Urgh, I'm disgusting!

SUPER UPDATE!!!

Hello beauties, sorry i've been gone so long...lots to tell you all I'll start with the bad and end with the good.

BINGEY TIME...yes it got me again big time, so much for my super water fast lol, I suppose the thought of NO FOOD scared my body into cramming as much as possible into it's mouth. I gained all the way back up to a whopping 198.8!!!! Disgusting I know, please we won't mention this number ever ever again and why?!? I hear you ask well it's because...

ANA and MIA have taken me so snugly into thier bony caress!

I couldn't face wrirint on here again until I'd lost my initial weight gain...writing your failures can have a detrimental effect i've seen, so I was determined to show you all some good news. Today is the 7th day of Steph and I being back on the good old abc diet! Oh am I so happy to have structure back in my life, but even abc seems too high in cals for us, so we have decided to do an abc or less diet :D

My weight now I hear you ask??? (unless of course you looked up at the little butterfly hehe) it's finally out of those god for saken 90's and is 189lbs! I'm hoping to be in the 70's next week. So I have lost 10lbs this past week and feel great for it.

Mia:
My dad tried to make me eat yesterday, but then he went to his study upstairs, while Mia and I got rid of it all in the downstairs loo, whoo hoo! Still managed to lose 2 lbs last night! Mia has been very kind to me, she has blessed me with her presence twice this week, usually she never comes to see me, but I think she see's how hard I'm trying...she only seems to come when I HAVEN'T binged lol, typical, but hey you gotta love her!

Ana:
She has been so lovely to me this past week, she has motivated me, and given me key goals. Made me feel ill by looking at food, and has literally given me the flu I believe as a present to burn more calories and to inhibit hunger! Today she spoke kindly to me as I looked down at my bowl of food, and I RAN to the bin to throw most of it away, a few mouthfuls were more than enough she has taught me. She has changed my goals, and has given me more motivation at the gym, I am swimming and doing classes more, to burn away as much as possible. May she NEVER leave my side.
My goal has now leaned from 135 to 130lbs hehe, steph's is now 125lbs :D I realised today whilst walking home from the shops (worry not I only bought yogurt for myself!) that if I only lost 1lb a day, I'd be my goal weight in less than two months...yes TWO MONTHS!!! How amazing is that, also at the moment I'm losing between 1-2lbs a day, so I may see a slimmer me in a much faster time!

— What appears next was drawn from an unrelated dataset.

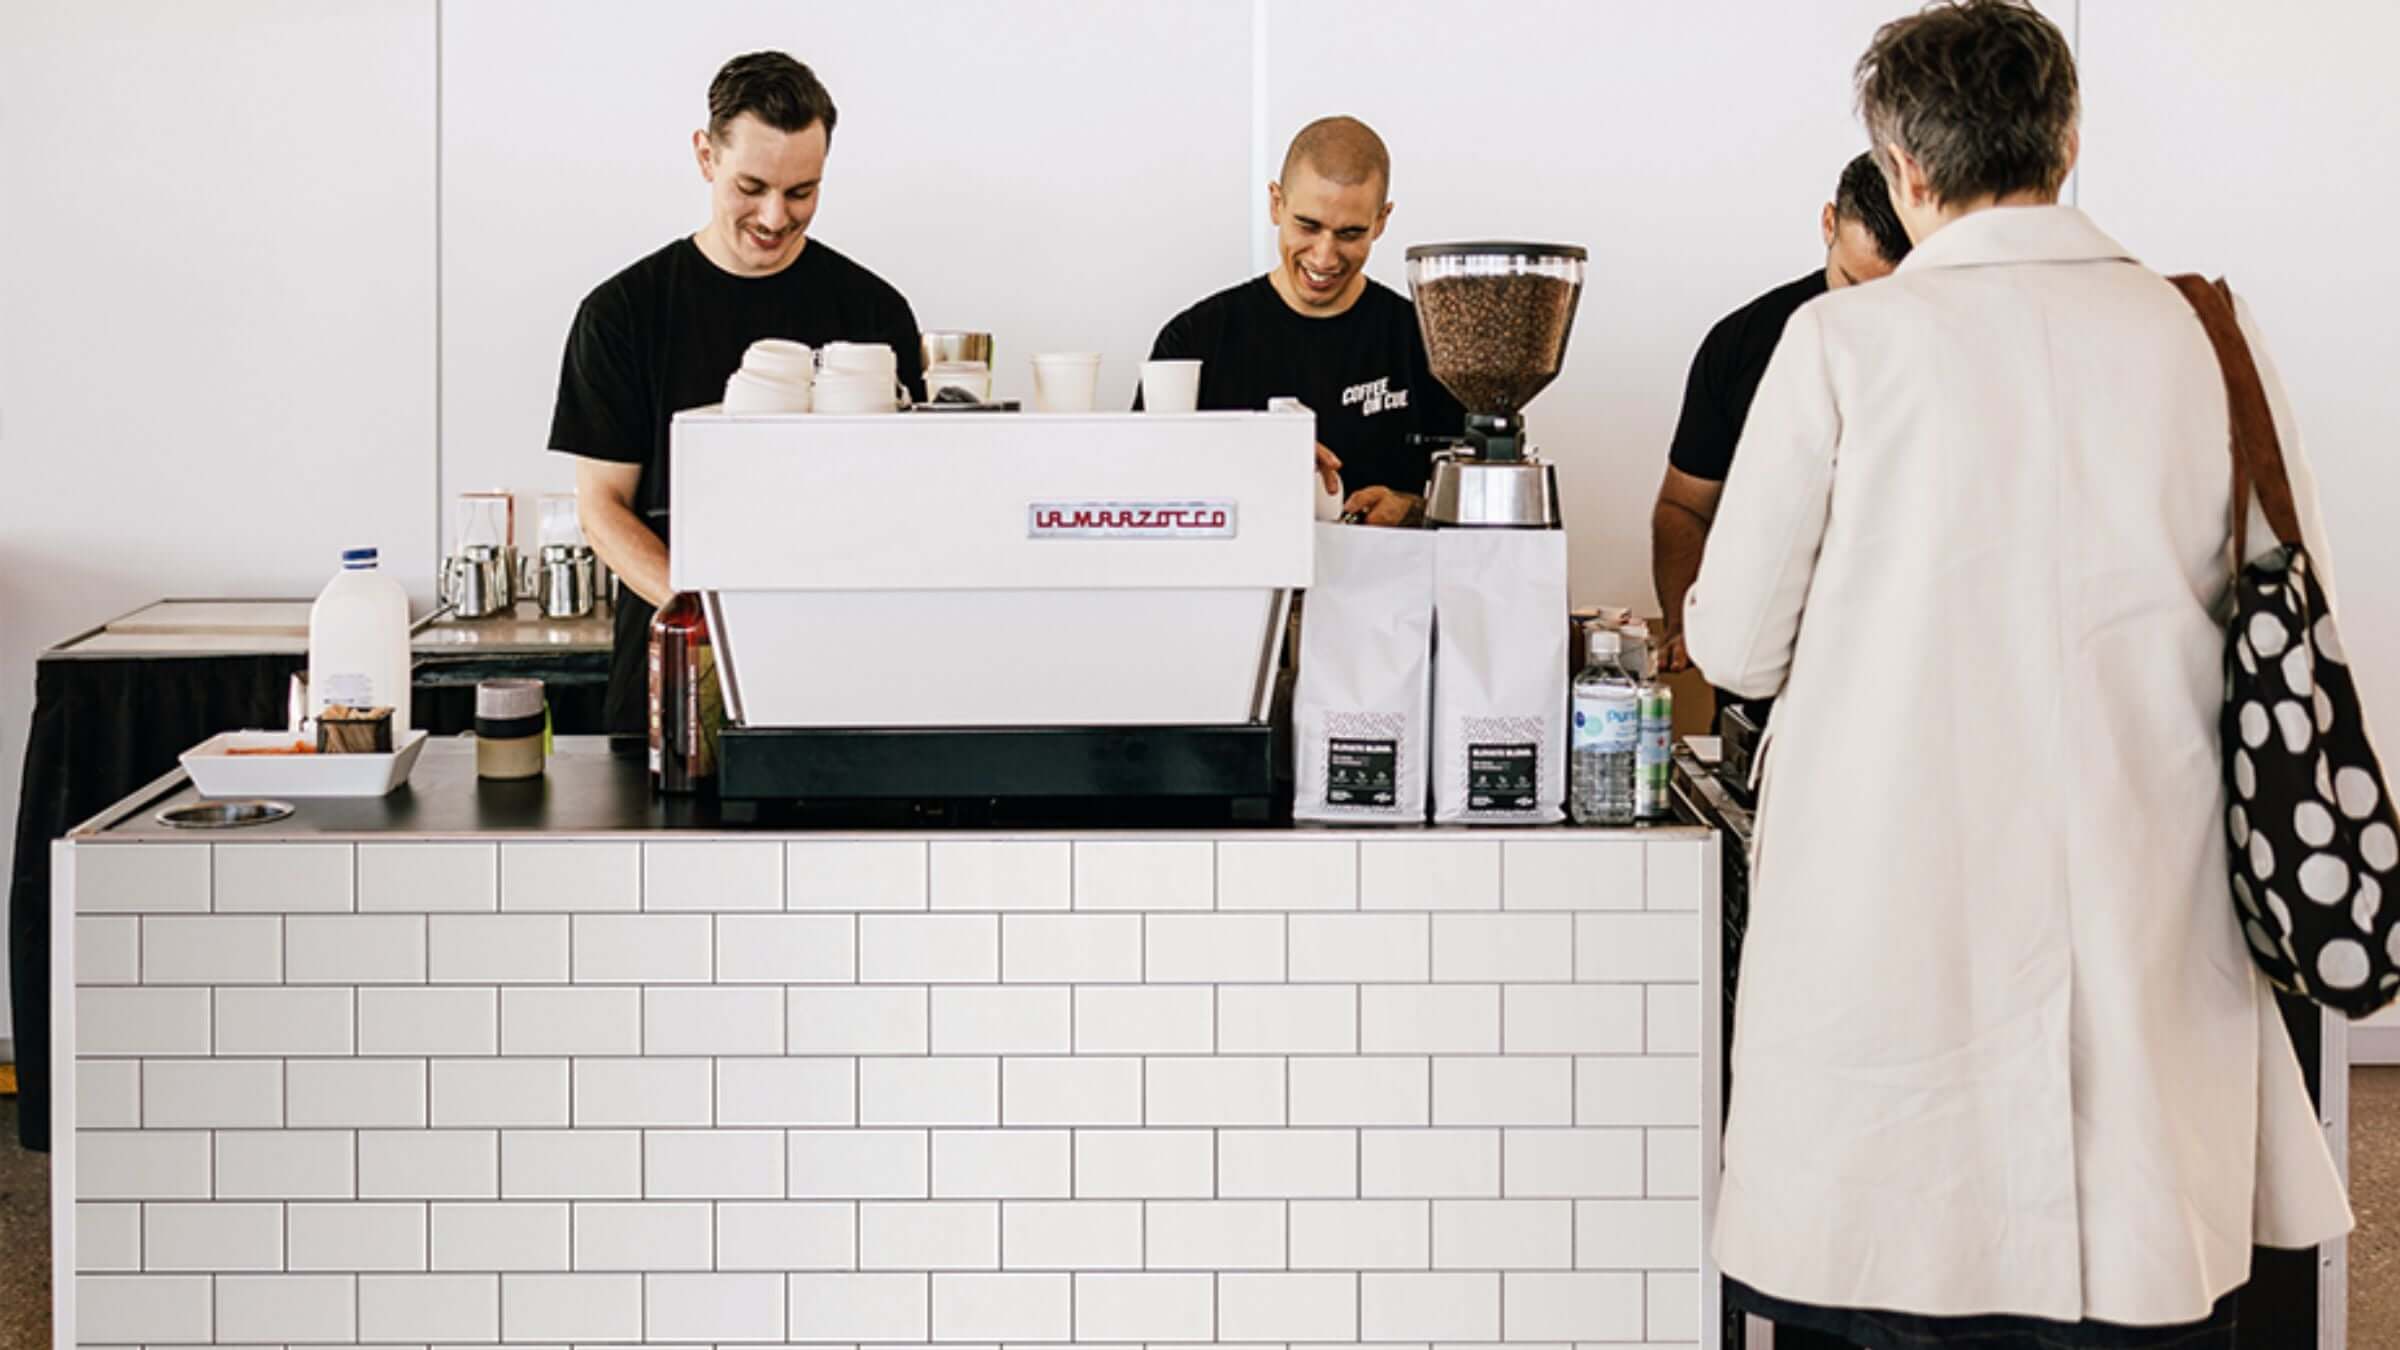 Coffee on Cue baristas serving attendees at Sydney market event

Exercise has been good, gym/swim 3-4 times a week, running club and a class, know I should do more than that but...I will admit to being lazy.

So that is my update, from now on you will keep getting regular posts I promise, for I will not fall back into that horrible food hall again, the thoght sickens me. Thanks for reading, hope all is well with you!!!

Mantra for the day: If it won't make you fit, then you'd better be sick (for all the mia girls out there)

Monday 13 September 2010

Been slack, Been Crap...NO MORE It's Ana-time!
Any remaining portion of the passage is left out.